# Great Divide thru riders and racers ONLY



## VO2 Lax (Jan 2, 2011)

Bike fork question, rigid or with suspension?

Here’s the deal, I currently have a rigid 29er. I hear suspension is nice, but not needed especially since my plan is to ride it at a touring pace. For those of you that rode the route with a rigid fork, did you wish you had suspension?

If you did have suspension fork, was it air or coil? I’ve read coil is the way to go, but the options are limited in the 29er market.

Now if you rode with a rigid fork how did you feel at the end of the day?
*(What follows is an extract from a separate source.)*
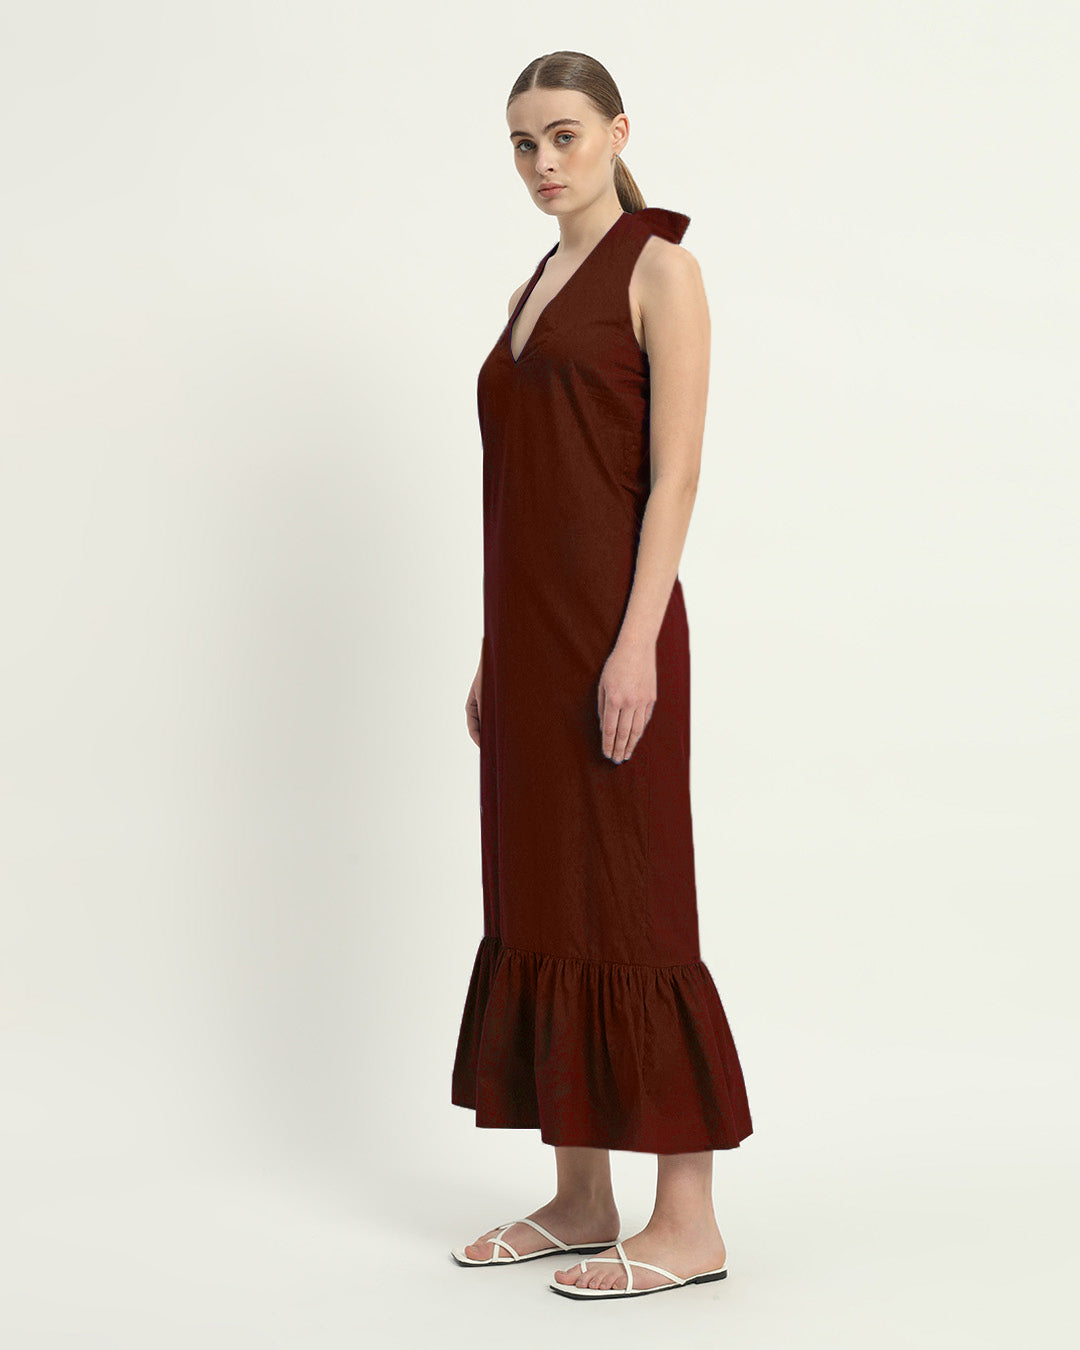 The Rouge Wellsville Cotton Dress
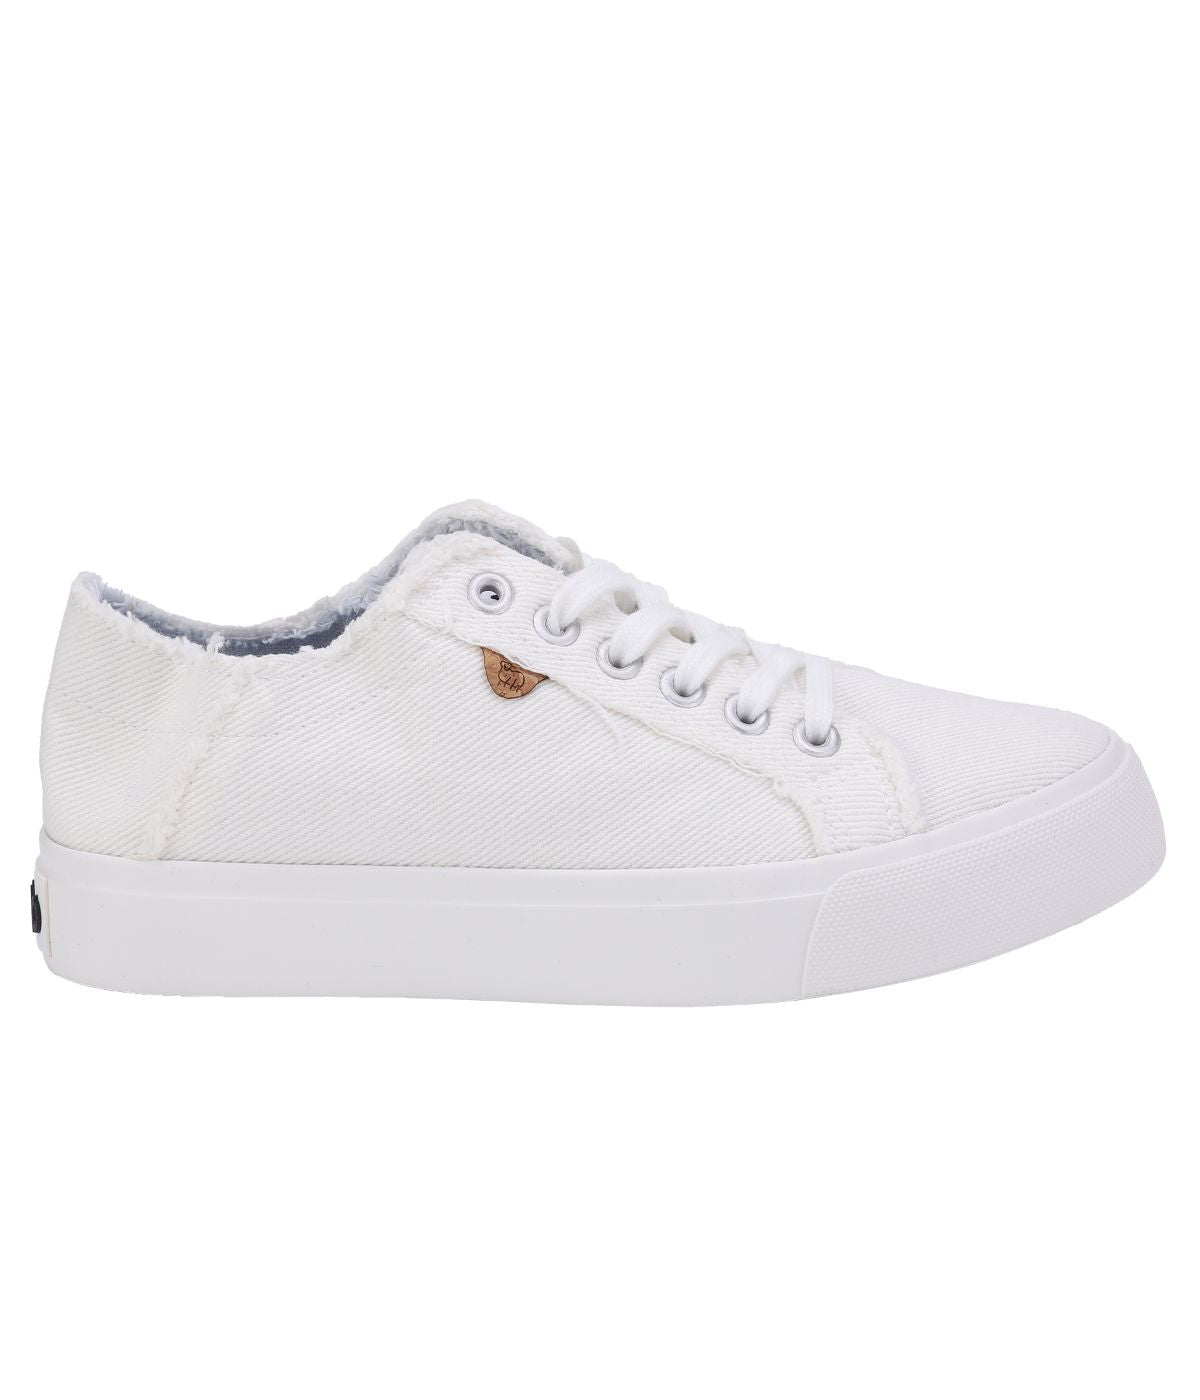 Ladies casual comfort shoe with washed twill or canvas upper Washed White

Please DO NOT give input unless you’ve ridden the Great Divide.

Thanks!


----------



## team_wee (Mar 26, 2006)

hard tail or full rigid for great divide ride?


----------



## Harryonaspot (Oct 5, 2004)

*Go rigid*

if you mountain bike rigid, you'll be fine. The percentage of really rough stuff is very low. I went on my Fargo and never wished I had suspension. If you can ride dirt roads on your bike, you can ride the Divide. Harry


----------



## George2 (Nov 28, 2005)

I rode the GDR on a rigid 26er. No problem whatsoever, never missed suspension, liked the KISS approach.


----------



## alohalisco1 (Jul 4, 2007)

I was the 5th person to ride the Divide in 2000 and I used a Suspension fork then....I have since toured around the world and spent 6mo in the OZ outback on a fully rigid 26,if your loaded touring I would go rigid ...if your bike packing I would do the fork as it will make the lighter front end transfer less shock through your body at he end of the day....it may be dirt but it is not without bumps and corrugations and there can be a lot of both for many miles


----------



## VO2 Lax (Jan 2, 2011)

I ended up finishing the route this year on a fully rigid bike and 2.4 front and 2.2 rear tires. I only wished for suspension in New Mexico with all the washboard fire roads.


----------